After spending some time analyzing our data, we believed that there was room for improvement. Given our users had shown some interest in the elevated activity in the first place, very likely the interest isn’t just related to the city, but also to other properties of the elevated activity. Those could be used to improve the relevancy of the results shown on the rest of the webpage.
During one of our monthly hackathons, we decided to build a proof of concept based on this hypothesis. We decided to roll out the solution as an A/B experiment to measure the impact. We tried to bring search results that are similar to the elevated activity to the top of the results page.
Yet a question remained — how would we define similar?
Vectors representing semantic similarity
For detecting the similarity of other activities to the elevated one, we decided as the first step to use data that we already had. We created a vector representation for each activity that we use, for example, to recommend similar activities if the desired activity isn’t available at the moment.
Those vectors have the nice property that they’re close to each other if the two activities are considered close to each other by our users. If the activities are very different, the corresponding vectors point in different directions. Figure 1 shows the idea in two dimensions.
The vectors we use, however, have 300 dimensions.

There are many different ways to calculate such vectors, called embeddings. For example, there are manual creations from existing data, statistical models like Latent Dirichlet Allocation (LDA), or language-based neural network approaches such as BERT. The vectors we use here consider the behavior of our users when deciding which activities are similar.

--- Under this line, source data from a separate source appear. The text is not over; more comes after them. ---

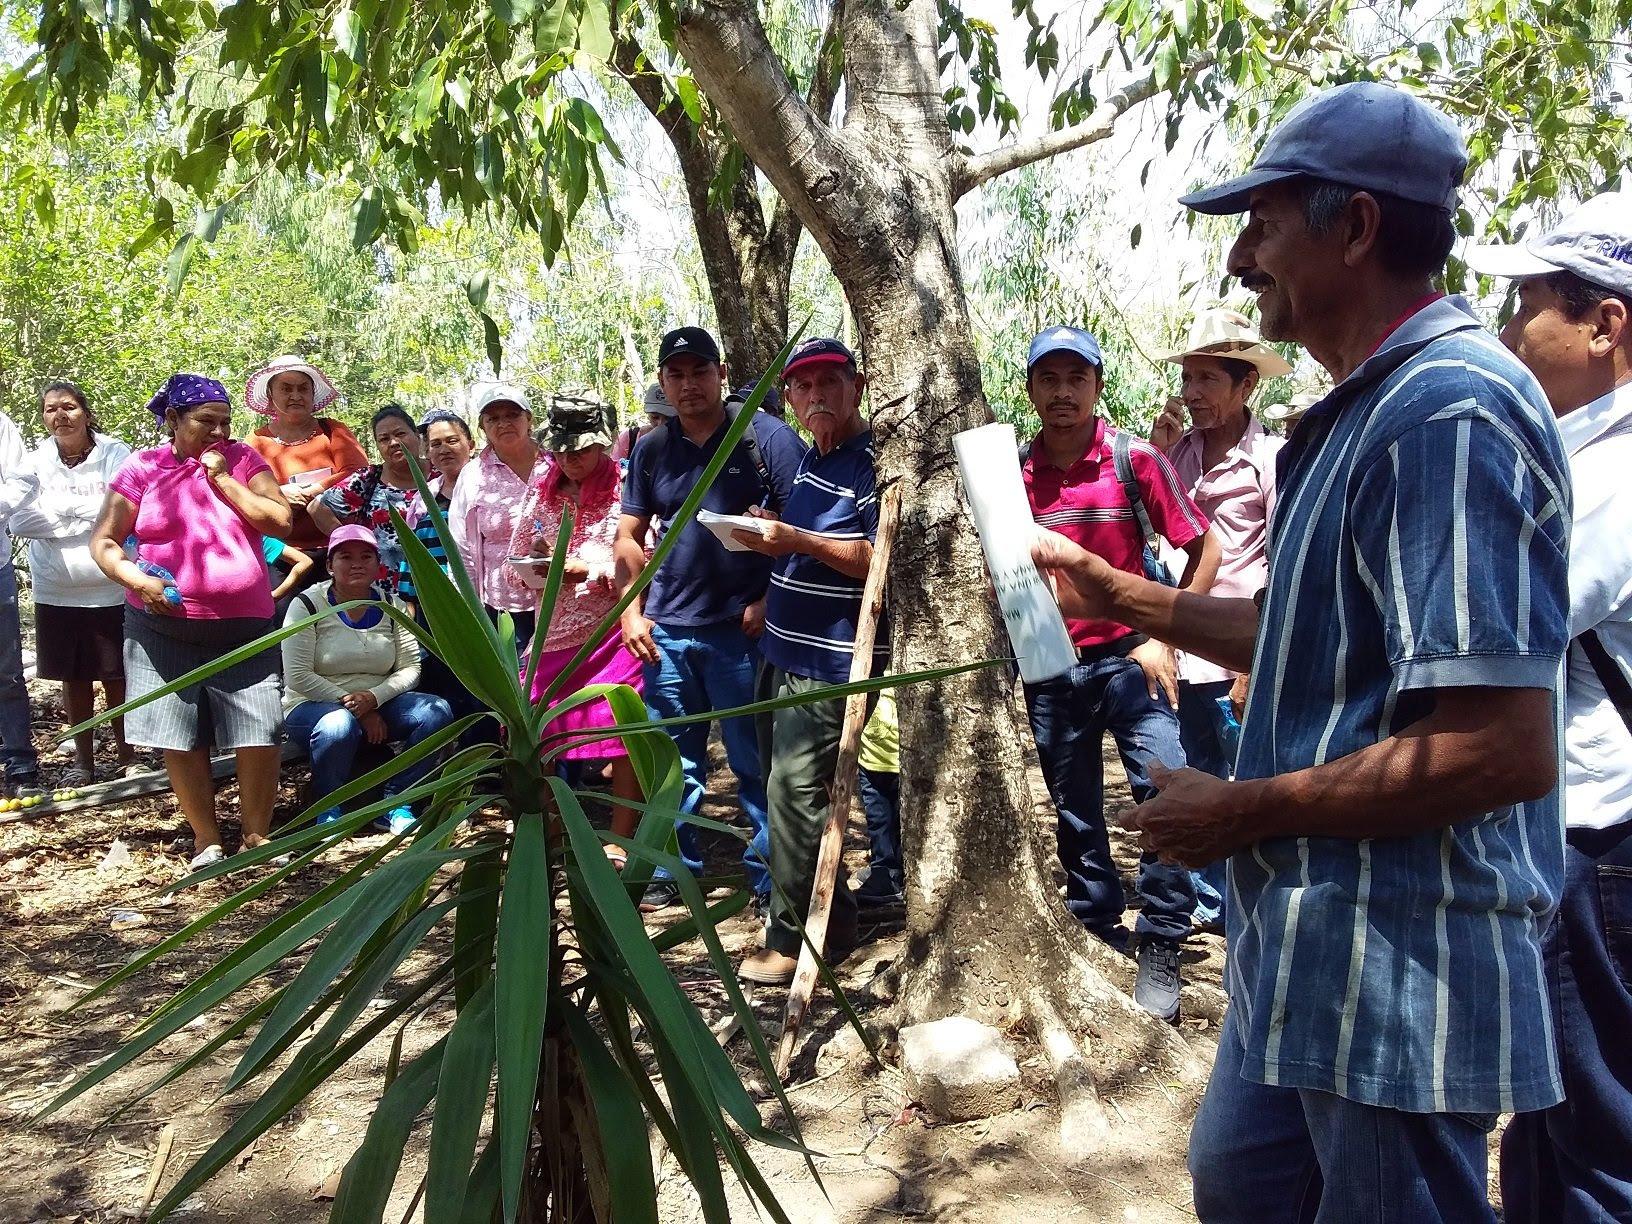 FAMILIAS PRODUCTORAS ATENDIDAS POR CENTA REALIZAN GIRA DE CAMPO PARA INTERCAMBIO DE CONOCIMIENTOS EN PRODUCCIÓN HORTÍCOLA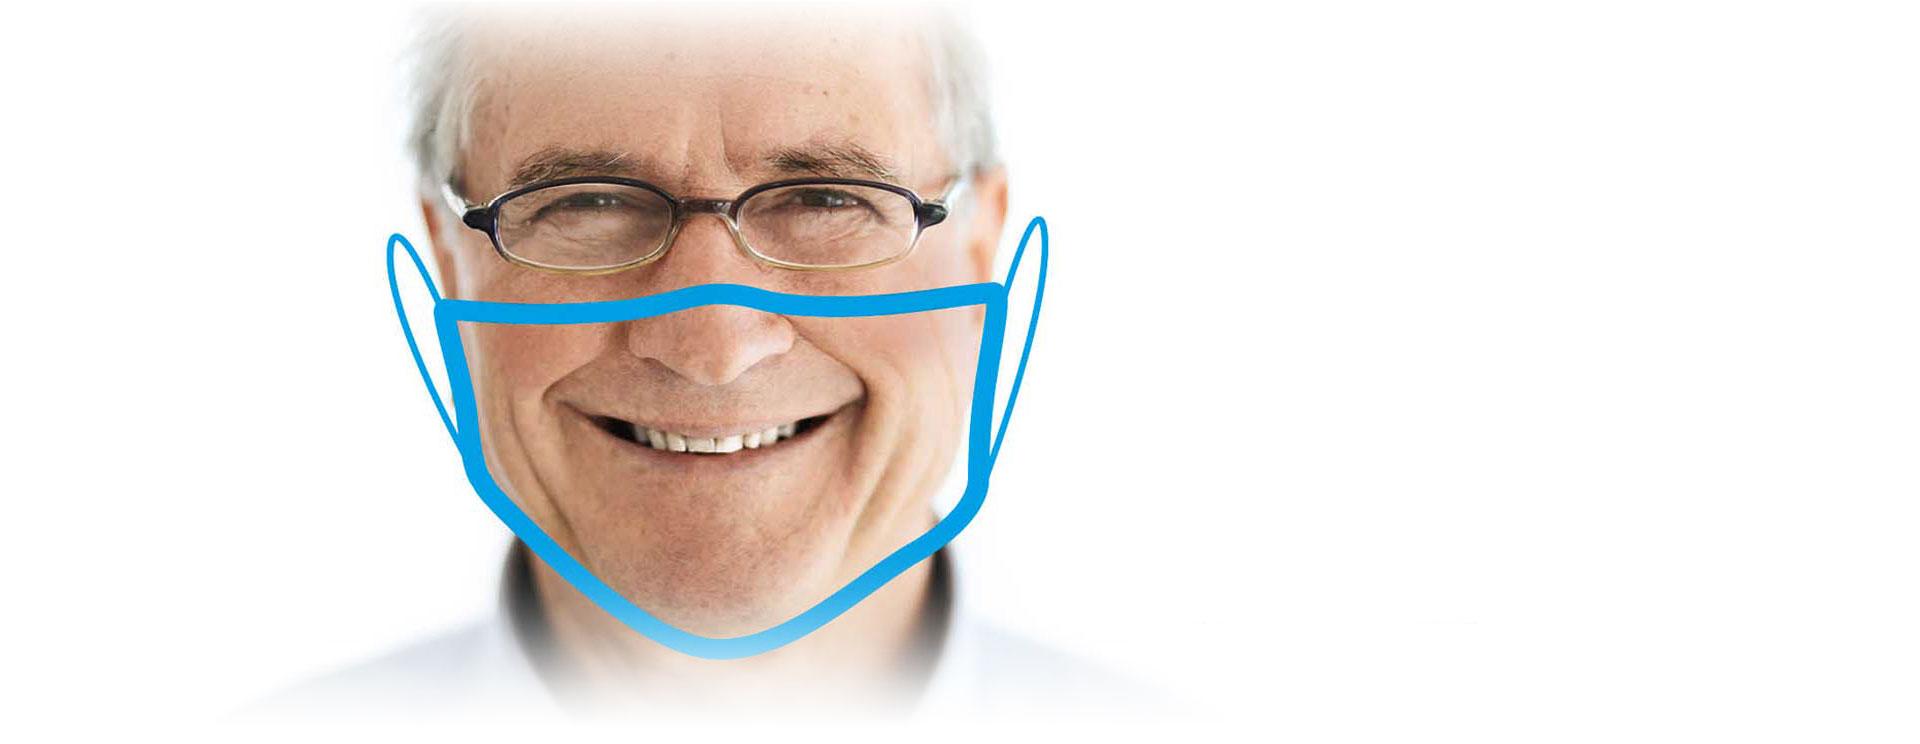 Sani-Klein - Lächeln mit Maske.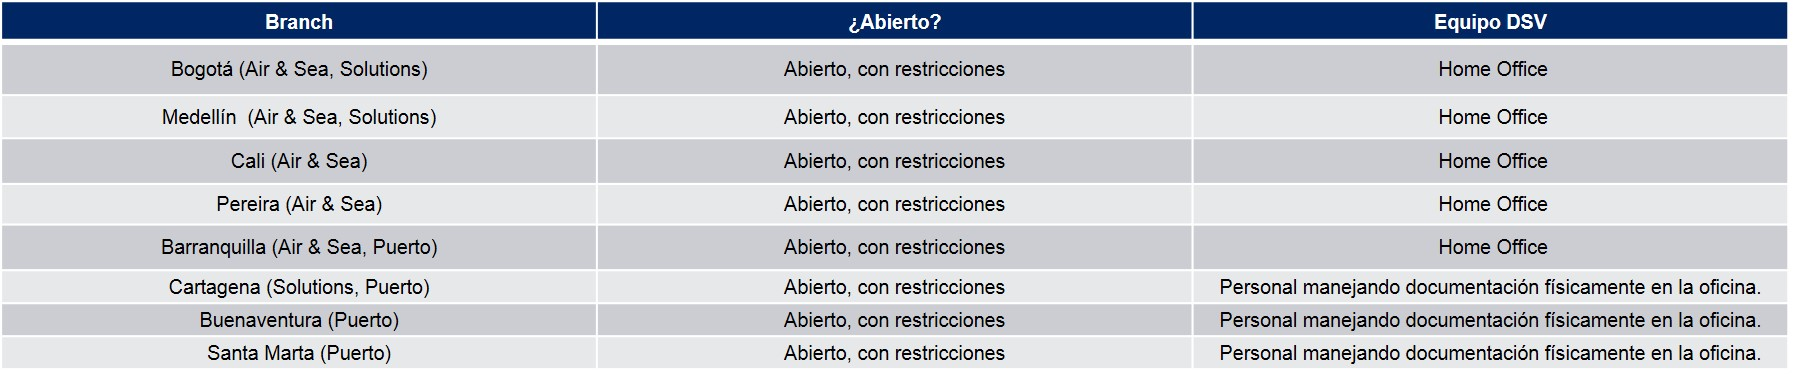 Tabla Operaciones Colombia COVID-19 06/05/20

We built this data pipeline some time ago, as first presented in this meetup, following a pretty ingenious idea mentioned in the paper Real-time Personalization using Embeddings for Search Ranking at Airbnb. We applied the algorithm Word2Vec, that’s intended to calculate vector representations for words by looking at their surroundings in texts. Instead of words, however, we consider the pages of our web portal. Instead of texts, we look at user journeys, i.e. the sequence of pages that a user visits on GetYourGuide.
Such a journey could look like this:
DestinationPage_Berlin, SearchPage_Berlin, ActivityPage_BusTour1Berlin, SearchPage_Berlin, ActivityPage_BusTour2Berlin, ActivityPage_TicketTVTowerBerlin, BookingPage_TicketTVTowerBerlin, …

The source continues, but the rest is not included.